Presenter: Glenn Sandiford, University of Illinois at Urbana-Champaign

Panel participants: Amanda Hooykaas, Jeffery Doherty, Alexandra Winton, Cristina Silaghi, Polly Knowlton Cockett

Deepe in the Adirondacks

Glenn Sandiford, University of Illinois at Urbana-Champaign

Location: Urbana-Champaign, Illinois, USA

Key words: guiding, conservation/preservation, parks, biography

This talk will examine the literary challenges and strategies involved in crafting an environmental biography that has been accepted for publication by SUNY Press. My book, structured around three layers of seasons, blends environmental history, oral history, and creative non-fiction.

Tony Deepe guided fishermen and hunters in the Adirondack Park for half a century, beginning at the end of WWI when he was just ten years old. He continued guiding in adolescence and young adulthood, first at a local hotel and then as an independent private guide. He eventually acquired a sportsman’s lodge that he had built with his own hands, where he cemented his reputation as one of the finest guides of his era.
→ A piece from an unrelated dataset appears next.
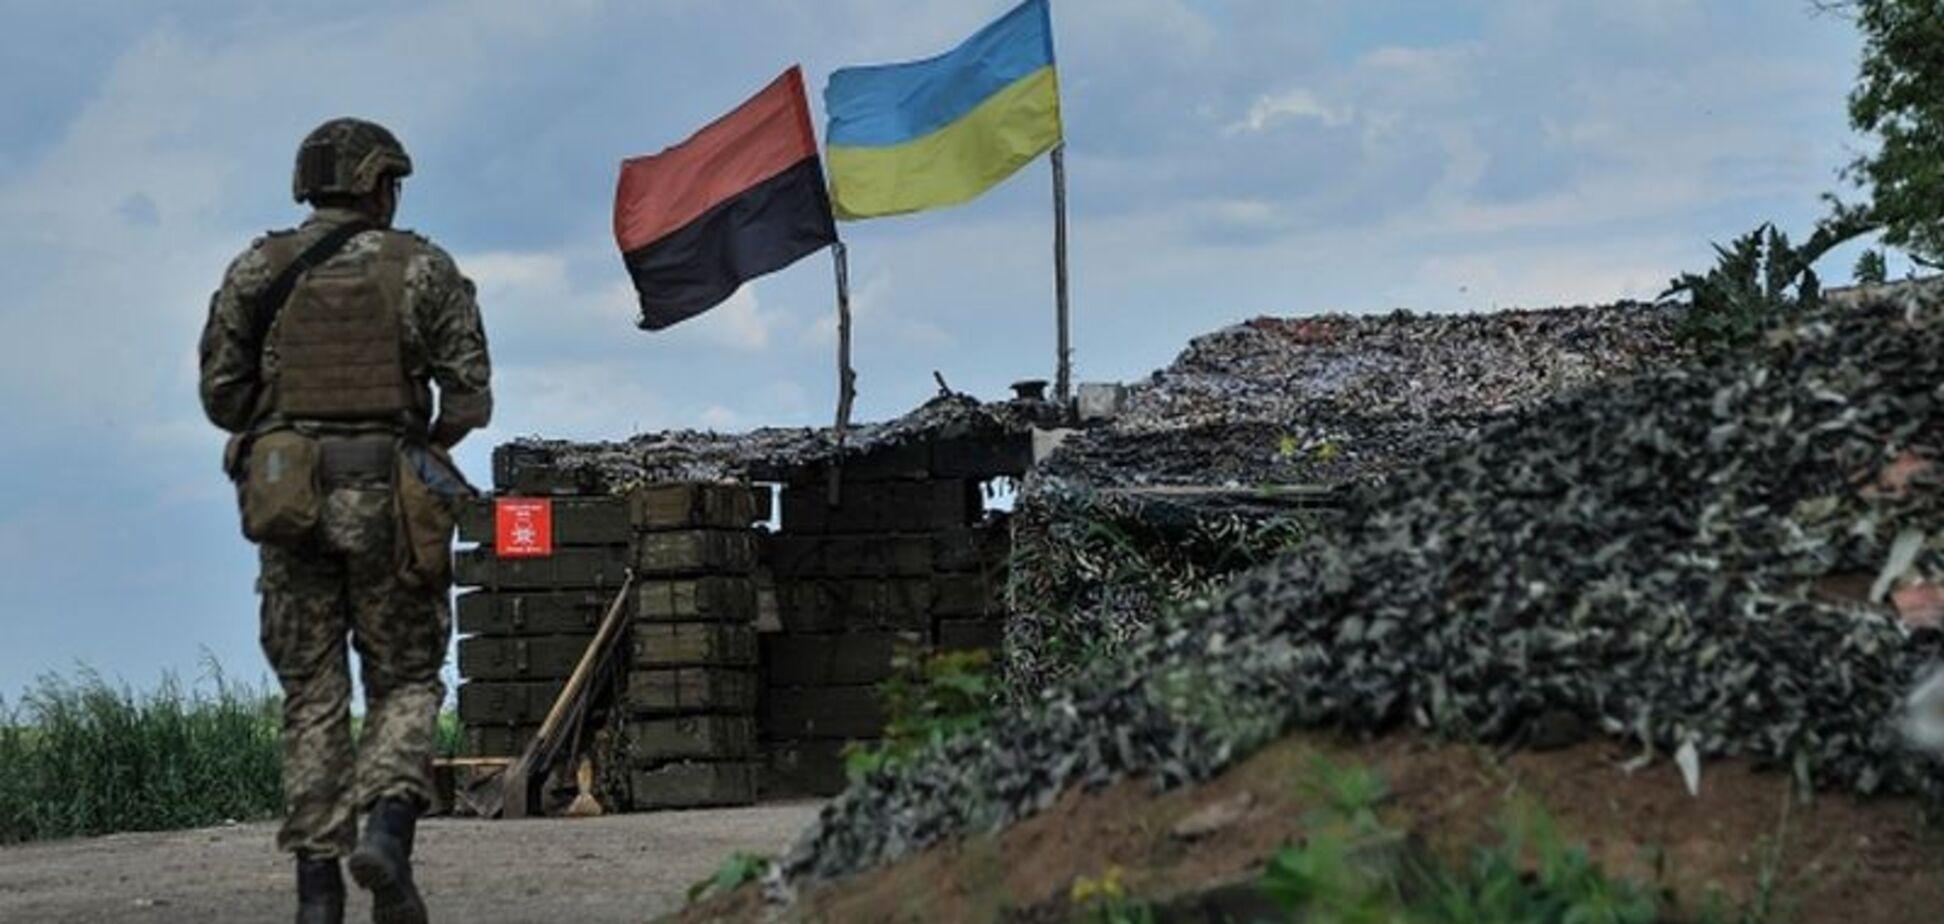 Реінтеграція Донбасу: Росія поскаржилася на Україну в ЄС

In that lodge, and in the sprawling wilderness around it, hundreds of clients found beauty, sanctuary, adventure, and fellowship. Every year, for a week or a month, they fished, hunted, trapped, hiked, paddled, or just sat around a fire listening to Deepe’s yarns.
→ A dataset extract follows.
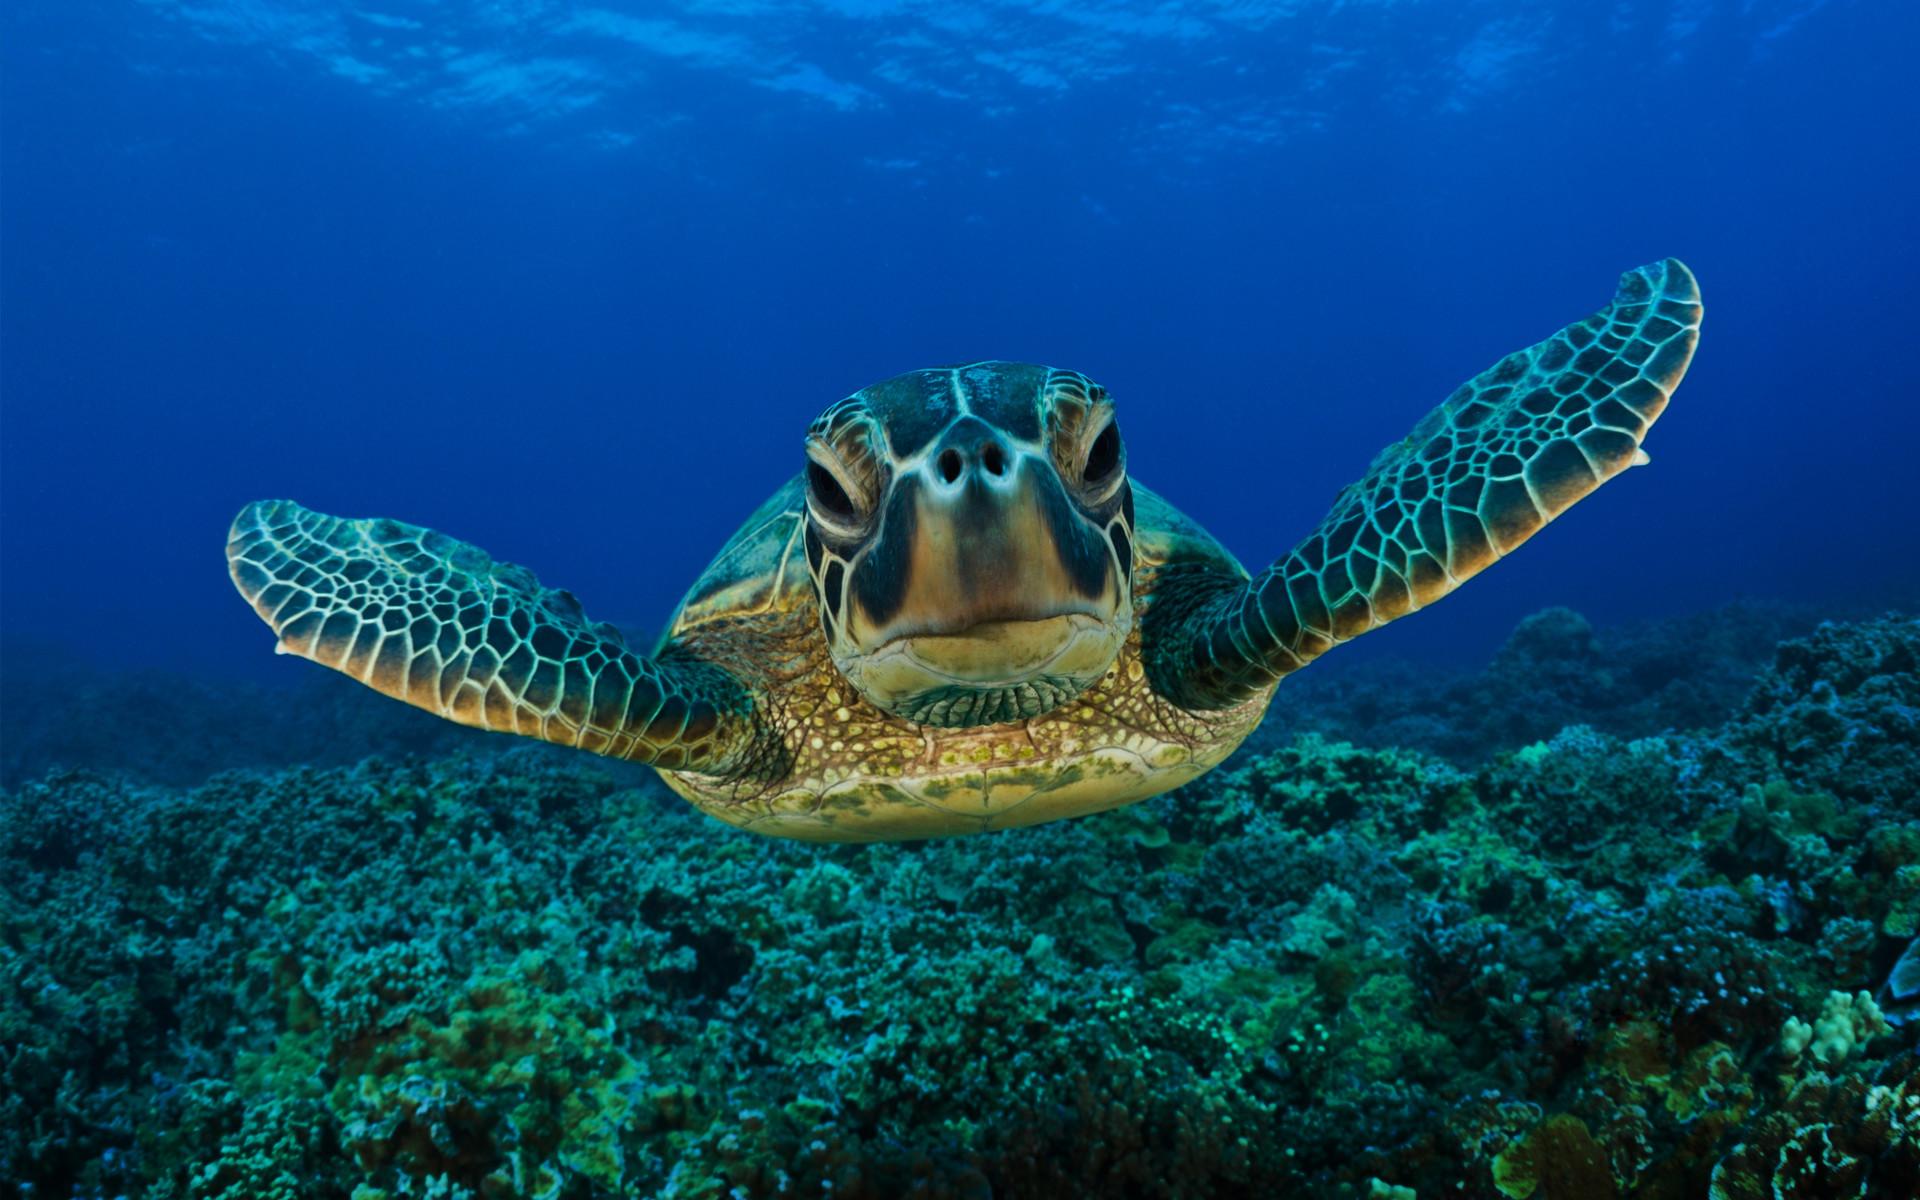 Hd wallpaper underwater - Underwater Turtle Hd Wallpaper 1920 1200 20819 Hd Wallpaper Res

But Deepe was more than a charismatic guide who knew trout, whitetail, and tall tales. Attuned to the rhythms of the Adirondack woods, he learned the value of limits, and acquired a multi-generational perspective about nature. His personal convictions matured into an ethic that blended conservation with preservation — not without tension and contradiction. This ethic, expressed in word and deed, indirectly “guided” hundreds of clients as well as many adoring children. Deepe died in 1994, but his life remains a potential guide to current and future stakeholders in the Adirondack Park.

This presentation about my biography of Deepe will describe the narrative structure by which I blend multiple genres of writing and scholarship. That structure includes a three-layered theme of seasons — the natural seasons, the developmental seasons of Deepe’s life, and the historical seasons of the Adirondack Park, which was created just a few short years before Deepe’s birth. The book also features excerpts of Deepe’s tales, conveyed in his own words, that reflect the sub-theme of each chapter.
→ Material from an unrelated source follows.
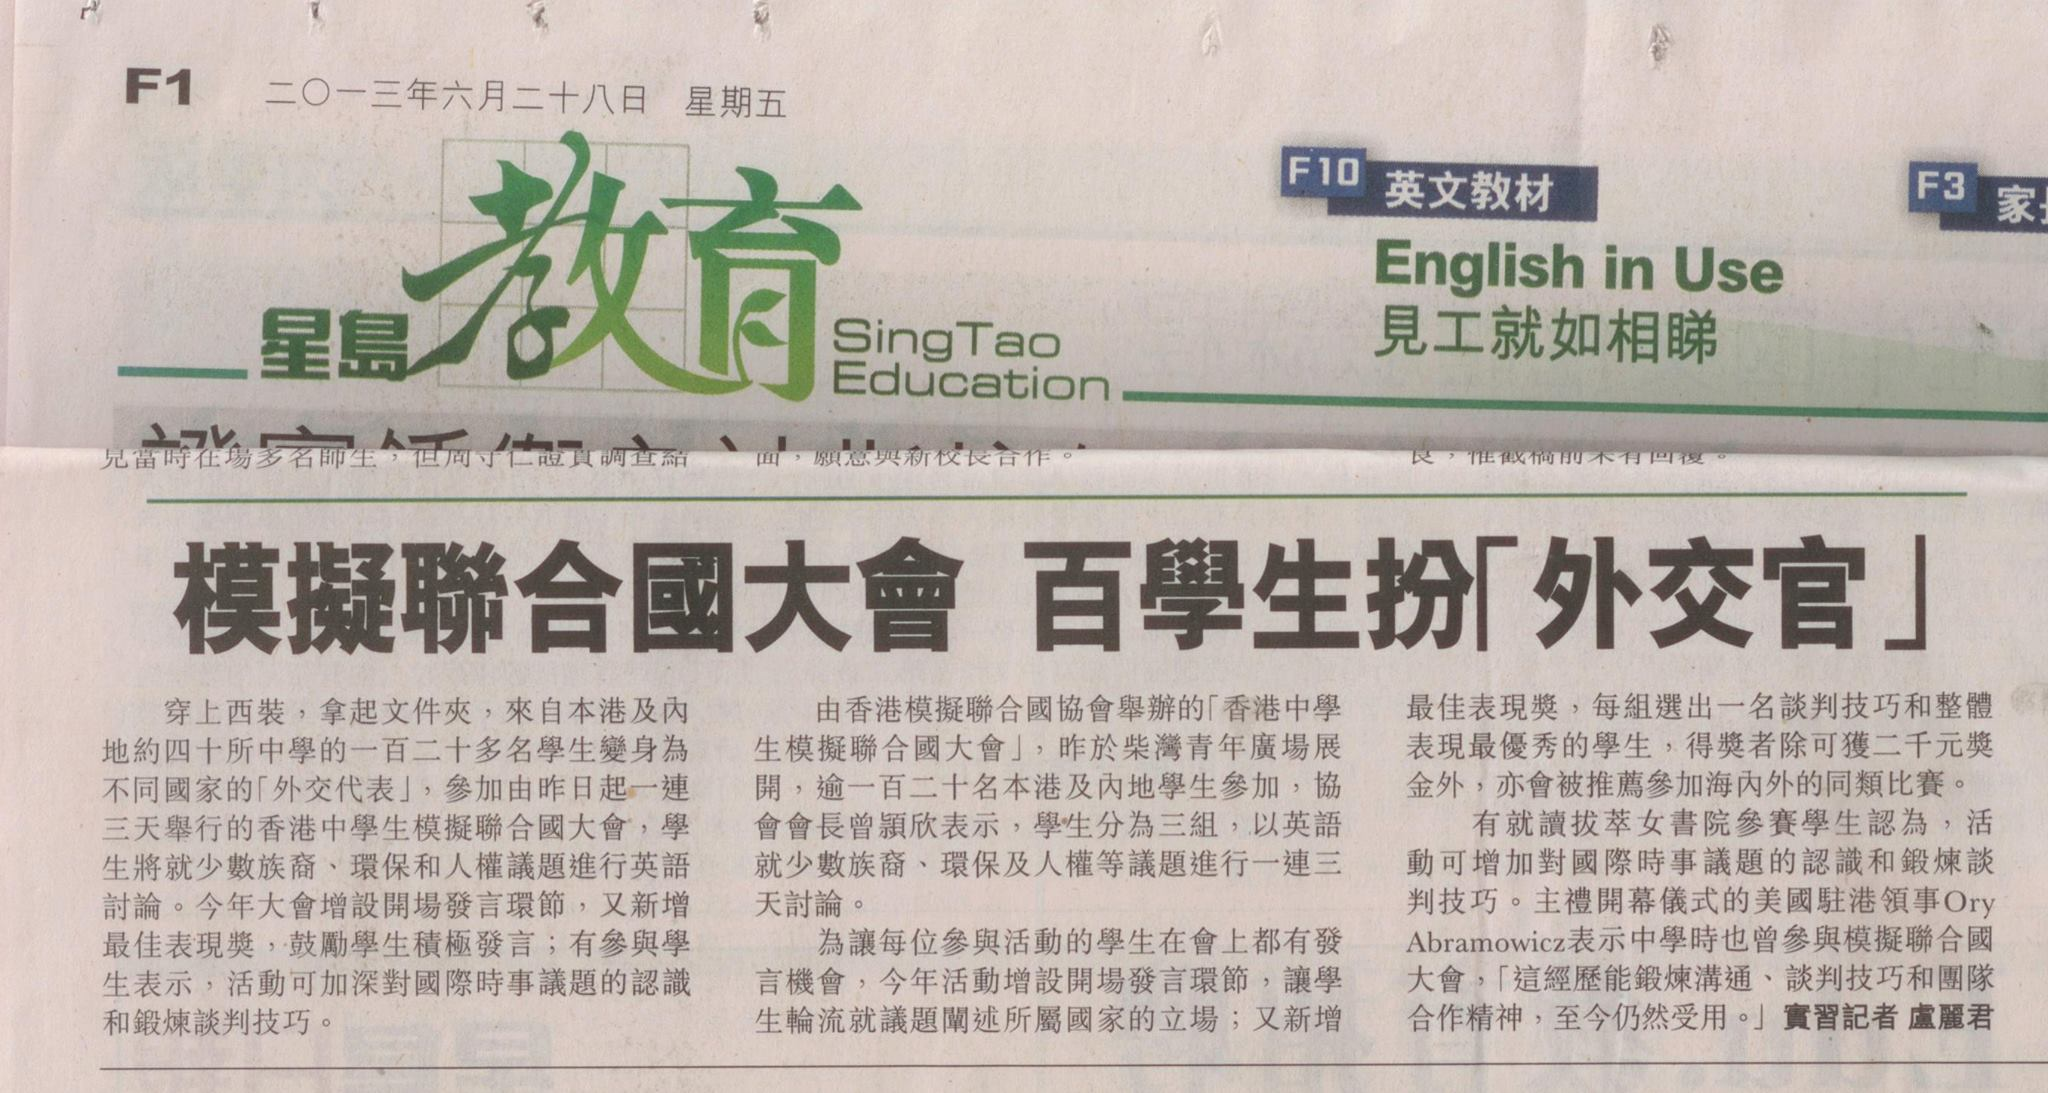 Sing Tao Daily, 28/06/2013

Panel 3 Tourism and Recreation 1300-1430 EST

Moderator: Jessica Marx, Lund University, Lund, Scania, Sweeden

Presenters: Jared Taber, Robin O’Sullivan

Panel participants: Alexis Vrignon, Erin Neufeld, Glenn Sandiford, Jessica Jones, Alexandra Winton

Establishing the Hunting Season in Missouri: Wildlife Restoration and State Authority, 1930-1970

Jared Taber, University of Kansas

Location: Lawrence, Kansas, USA

Key words: hunting, wild turkey, wildlife management, hunting seasons

Abstract:

The establishment of a wild turkey hunting season in Missouri in 1960 represented a negotiated settlement between local interests in recreation and subsistence and the practice of wildlife science by the state government. The records of the Missouri Department of Conservation emphasize the importance of accommodating hunters within the state without compromising the scientific practices used to restore game populations. This approach meant that the state sought to control the nature of local hunters just as much as they sought to control the nature of wildlife. While not successful in establishing absolute control over nature, the Department of Conservation did establish a rough and ready balance between the needs of wildlife and the interests of hunters. The successful establishment of a hunting season required a concerted effort on the part of wildlife scientists to cultivate the trust of local residents while working to increase wildlife populations. This case study suggests that environmental historians tend to underestimate the successes of wildlife management officials during the mid-twentieth century. Scholars look at wildlife management officials as either the guardians of elitist privilege or as second class ecologists, their real abilities in managing wildlife during the mid twentieth century consisted of mediating between the biological needs of game species and human behavior. These negotiations began with the first wildlife surveys in the state during the 1930s, which entailed partnerships with local communities, and continued through the incorporation of local interests in the management of wild turkey restoration efforts during the 1950s.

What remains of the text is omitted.